Calculate the current target value, where y _i represents the obtained current state value, γ represents the decay coefficient, r _i+1 represents the reward of the behavior within the single-step state transition, and φ _i+1 represents the next state s within the single-step state transition The state feature of _t+1 , V(φ _i+1 ; θ ⁻ ) represents the state value of the next state obtained from the target network;

Step 42: Calculate the mean square error cost between the target value and the network output value,

where loss is the required mean square error cost, h is Batch_Size, y _i represents the current state value obtained above, φ _i+1 represents the state feature of the next state s _t+1 in the single-step state transition, V(φ _{i +1} ; θ) represents the state value of the next state obtained according to the state value network, and uses the mini-batch gradient descent algorithm to update the network parameters and the priority queue;

Step 43: Use the mini-batch gradient descent algorithm to update the state value network parameters, and replace the target network value every T steps.

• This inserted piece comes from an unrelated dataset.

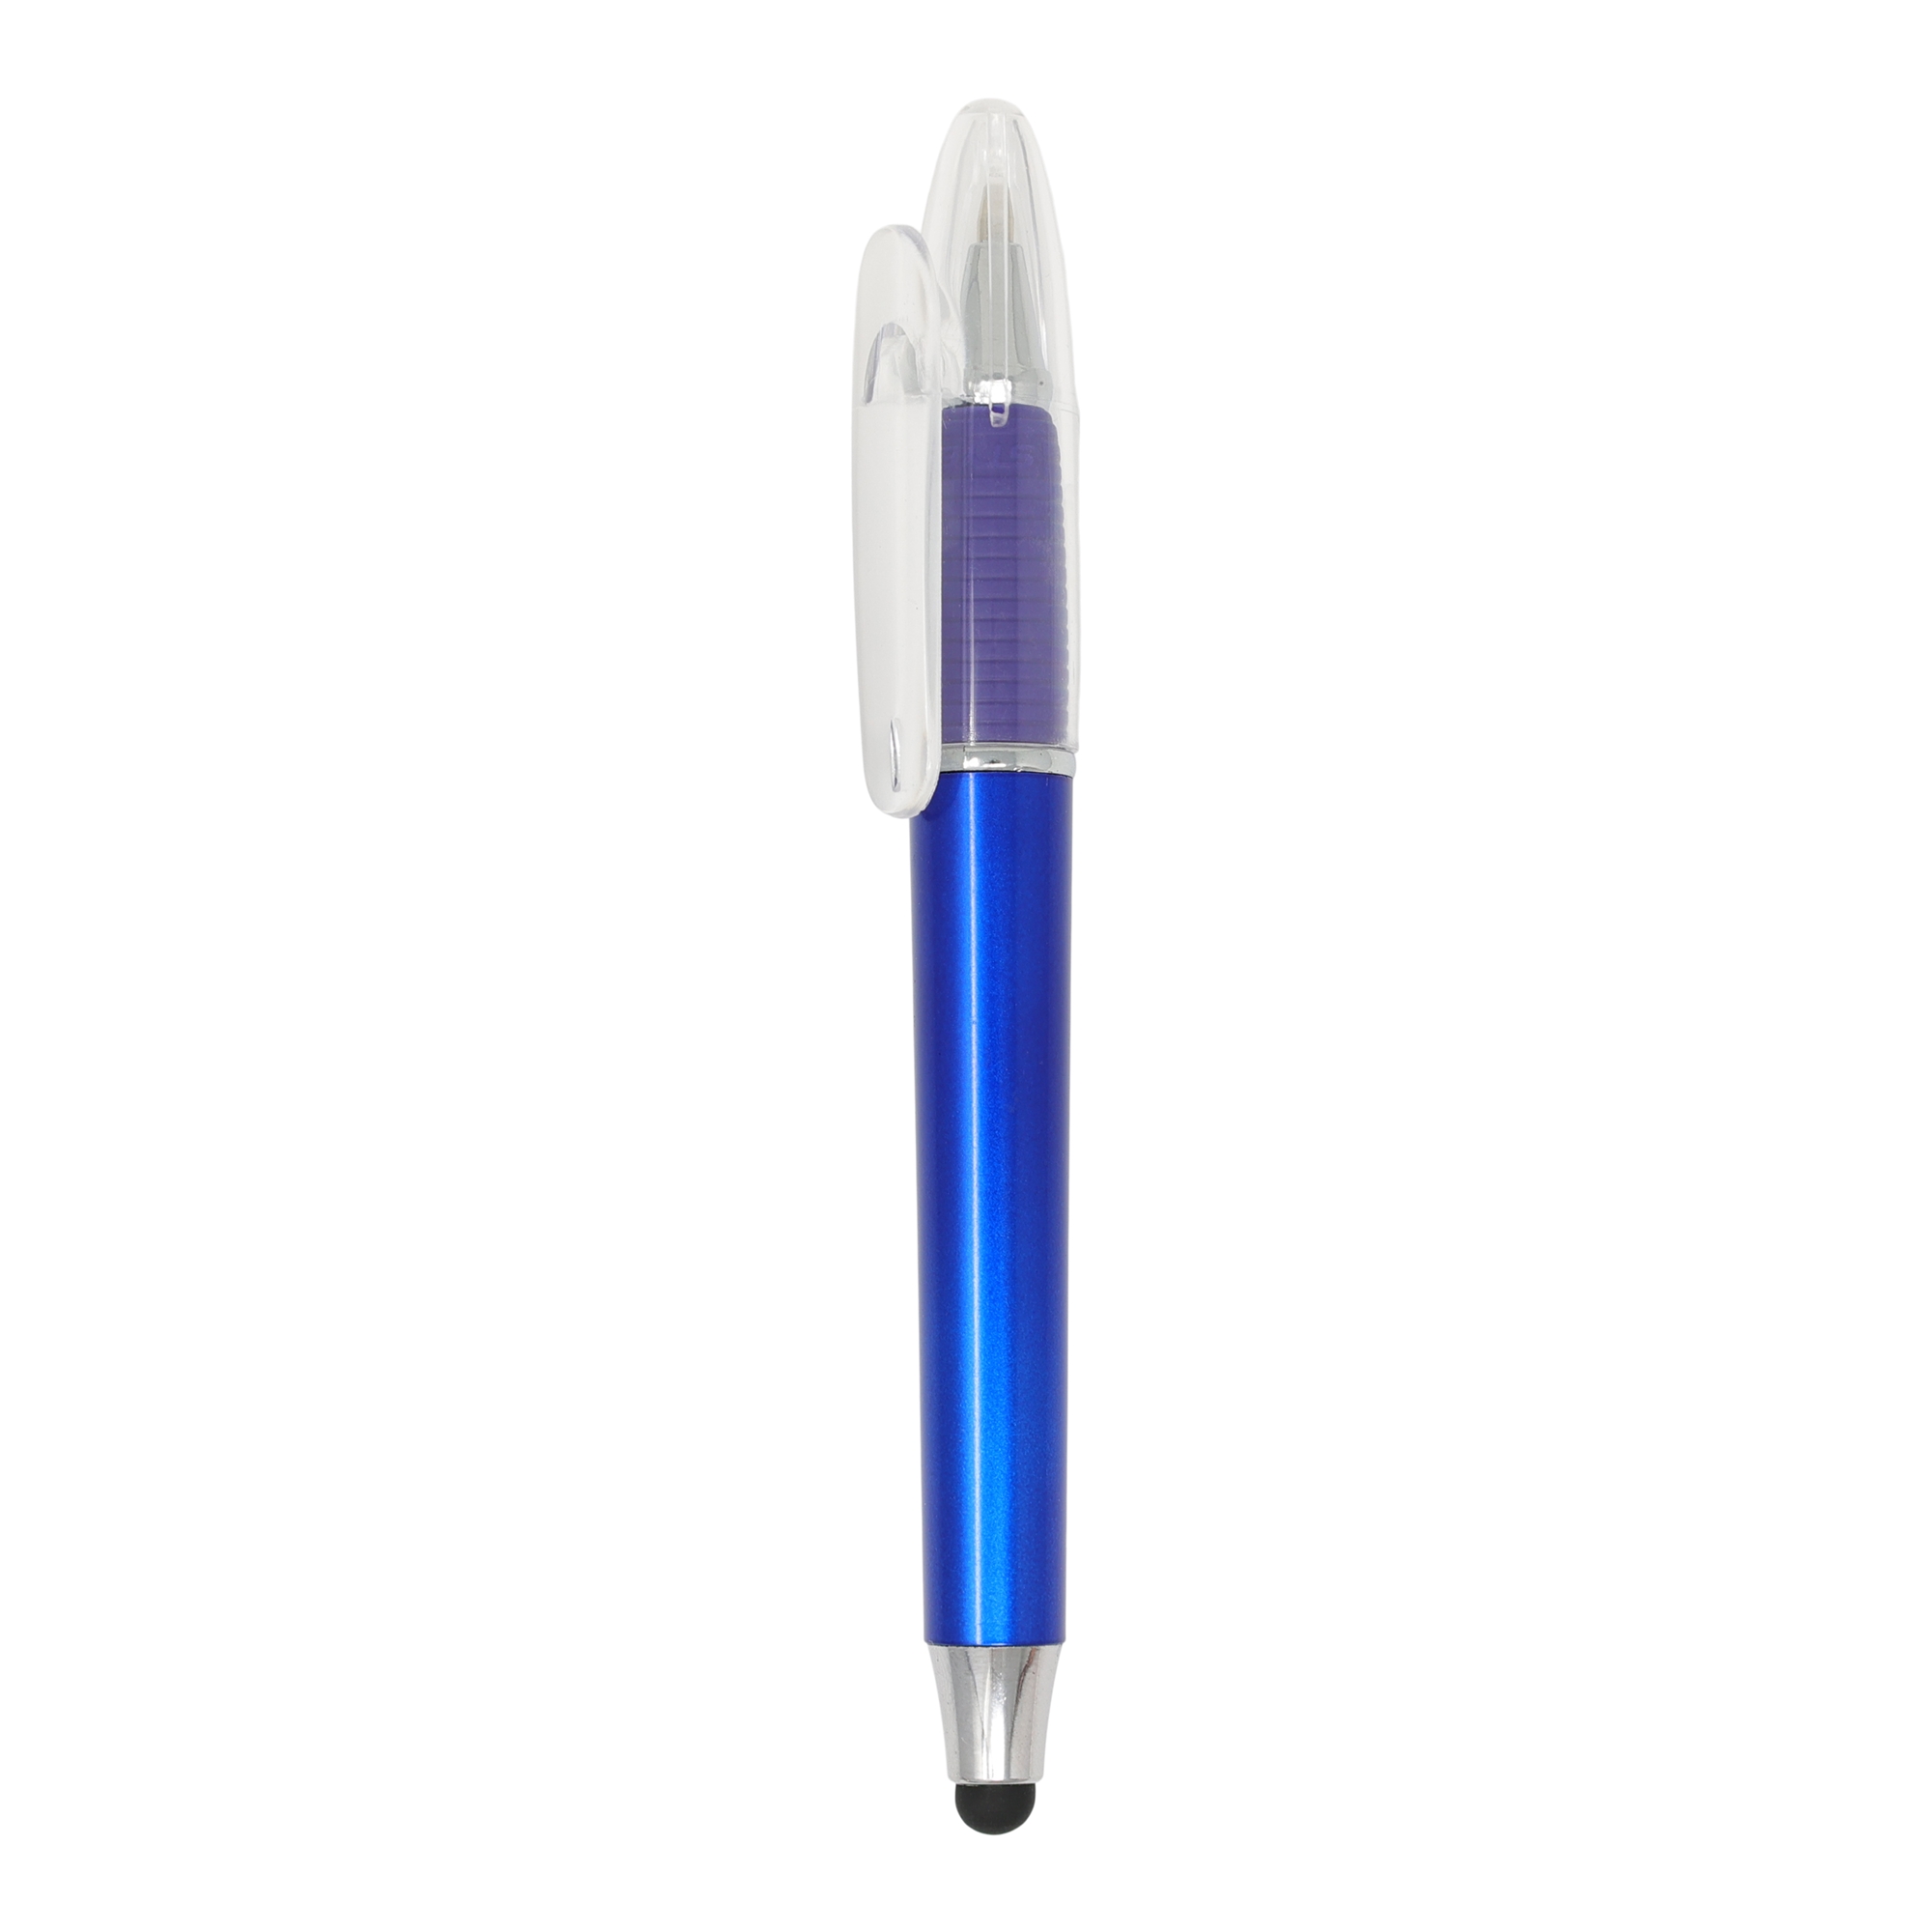 Bolígrafo con puntero Dolphin Stylus
Color azul y plateado

Wherein step 41 adopts the probability distribution sampling of priority playback, first according to the formula

Calculate the proportion, where pi represents the priority probability of the sample, h is the _{Batch_Size} , and then randomly select Batch_Size samples from D according to the proportion weight.

If so, go to step 7;

Below in conjunction with accompanying drawing, the present invention is further introduced:

As shown in Figure 1, the DQN algorithm has several nodes in the output layer of the deep neural network, each node directly corresponds to a certain behavior value, and the one-dimensional behavior cannot express a multi-dimensional behavior space, and the Q-learning using different strategies is used in the evaluation. Replacing the actual interaction value with the optimal value in the behavioral value can easily lead to overestimation. Therefore, it is proposed to use TD learning instead of Q learning, and calculate the behavior value indirectly based on the state value, which is suitable for multi-dimensional behavior space. In addition, the deep BP neural network is replaced by the convolutional neural network, and the CNN weight sharing strategy is used to reduce the parameters that need to be trained. Translation invariance is not very demanding. The difference between the two is reflected in the network structure and the fitted value function.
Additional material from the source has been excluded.